The golden rules of cooking the perfect steak – and why you're breaking them



Top cuts: Barry Kerrigan with four different types of steaks at his award-winning Kerrigan’s Craft Butchers in Malahide, Dublin. Photo: Frank McGrath
Top cuts: Barry Kerrigan with four different types of steaks at his award-winning Kerrigan’s Craft Butchers in Malahide, Dublin. Photo: Frank McGrath

Geraldine Gittens

The three golden rules of cooking a perfect steak are being disregarded in households across Ireland.

Award-winning butcher Barry Kerrigan reckons there are a few basic tenets that should be followed to create the most mouthwatering hunk of beef. But it’s likely you’re not doing things right.

Many amateur cooks throw the meat in the pan straight from the fridge, and start eating it as soon as it’s cooked.

Not so, says Mr Kerrigan, a self-taught aficionado who assumes control of the kitchen at home whenever steak is on the menu.

The owner of Kerrigan’s Craft Butchers in Malahide, Dublin, knows his steak – his shop was recently crowned the best butchers in Ireland.

His three golden rules include the fact that steak needs to be cooked from room temperature – not from the fridge; it needs to be cooked both on the pan and in the oven; and it must be allowed to rest after cooking.

But the process starts when the meat itself is being bought – at the butcher’s counter.

Firstly, customers should question their butcher on what farm their meat came from, what breed it came from, and the gender of the animal, Mr Kerrigan says.

Female cows, or heifers, tend to be more flavoursome. As do Hereford, Angus and Continental breeds.

Dry ageing, for any length of time from 21 to 100 days, also improves the meat’s tenderness, Mr Kerrigan says.

“My top tip for cooking steak is obviously to choose a good quality piece of meat first,” he said.

“Personally, I think Hereford, Angus and Continental give a good level of marbling and that’s what gives you the juice and the flavour in a steak.”

He added: “If you like your steak well done, a thinner steak is better. That’s the question we ask the customer, how are they going to cook their steak? And if they like their steak well done, I steer them towards rib eye because the marbling keeps the steak nice and moist.

“Whereas with fillet steak, if you cook it to well done, it’s going to dry out and be tough.”

The next step is the cooking, which Mr Kerrigan insists mustn’t be done when the steak is straight out of the fridge.

“If you’ve your meat in the fridge at two degrees and you put it on the pan, the outside warms really quickly but the inside is still cold. Room temperature allows for an even cook,” says Mr Kerrigan.

“My personal preference is to fry the steak, it gives a chance to get a crust on it. The type of pan is important. I use a cast-iron oven-proof grill pan. It’s an investment, but if you get the right tools and make an investment it works out very well in the long run.”

The pan needs to be smoking hot, and oil should be rubbed on the steak – not the pan – with seasoning. Turning the steak every minute on the pan is also important, Mr Kerrigan says.

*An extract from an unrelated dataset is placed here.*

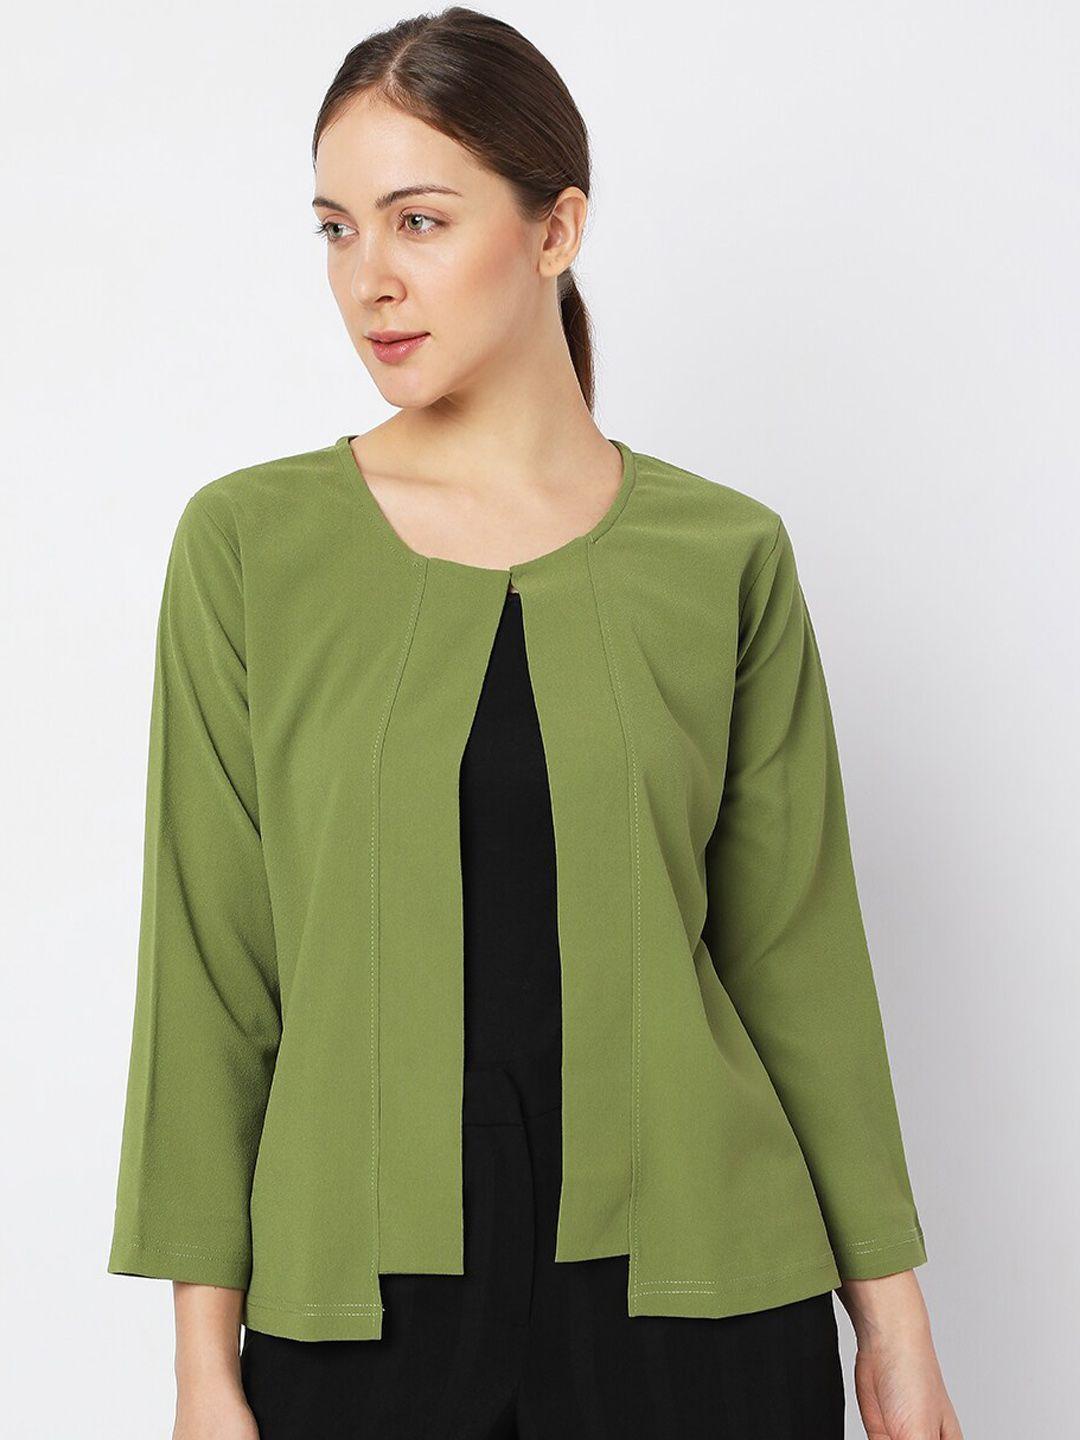 smarty pants women olive green lightweight open front jacket
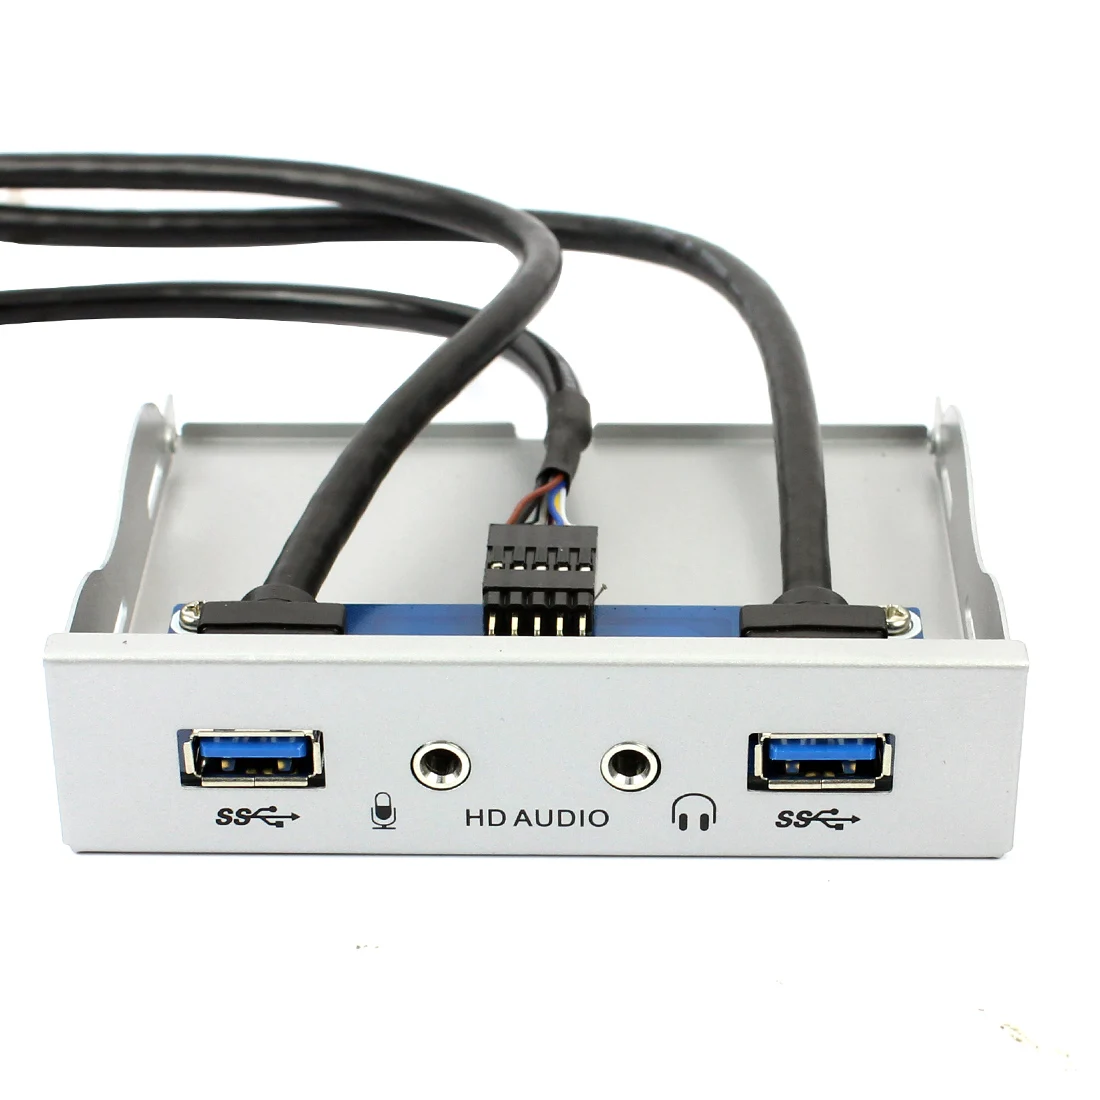 19Pin+ 9Pin 2 Порты и разъёмы usb-хаб USB 3,0 HD аудио Панель Combo кронштейн адаптер для рабочего внутренний 3," FDD Floppy Bay

“If I’m cooking an eight-ounce steak, which is about an inch-and-a-half thick, I give it four minutes on the pan. I turn it every minute, and then sear it on the sides as well. Then I finish it in a preheated 180-degree oven, I put it on the tray in the oven if I don’t have an oven-proof pan.

“After four minutes in the oven, I take the steak out and place it on a rack on a plate and allow it to rest for two minutes.

“It’s very important to let it rest on a rack, you don’t want it sitting in the juices,” he added.

“Whatever juices pour out of the steak, you can pour back over the steak again when you serve it.”

For any cautious cooks who fear undercooking their meat, Mr Kerrigan suggests using a meat probe which will tell you when the meat is cooked through.

“The longer you cook steak for, you’re cooking the moisture out of the steak.

“I would say to anyone that likes their steak well done, finish it in the oven for eight minutes and use your probe [to avoid overcooking it],” he says.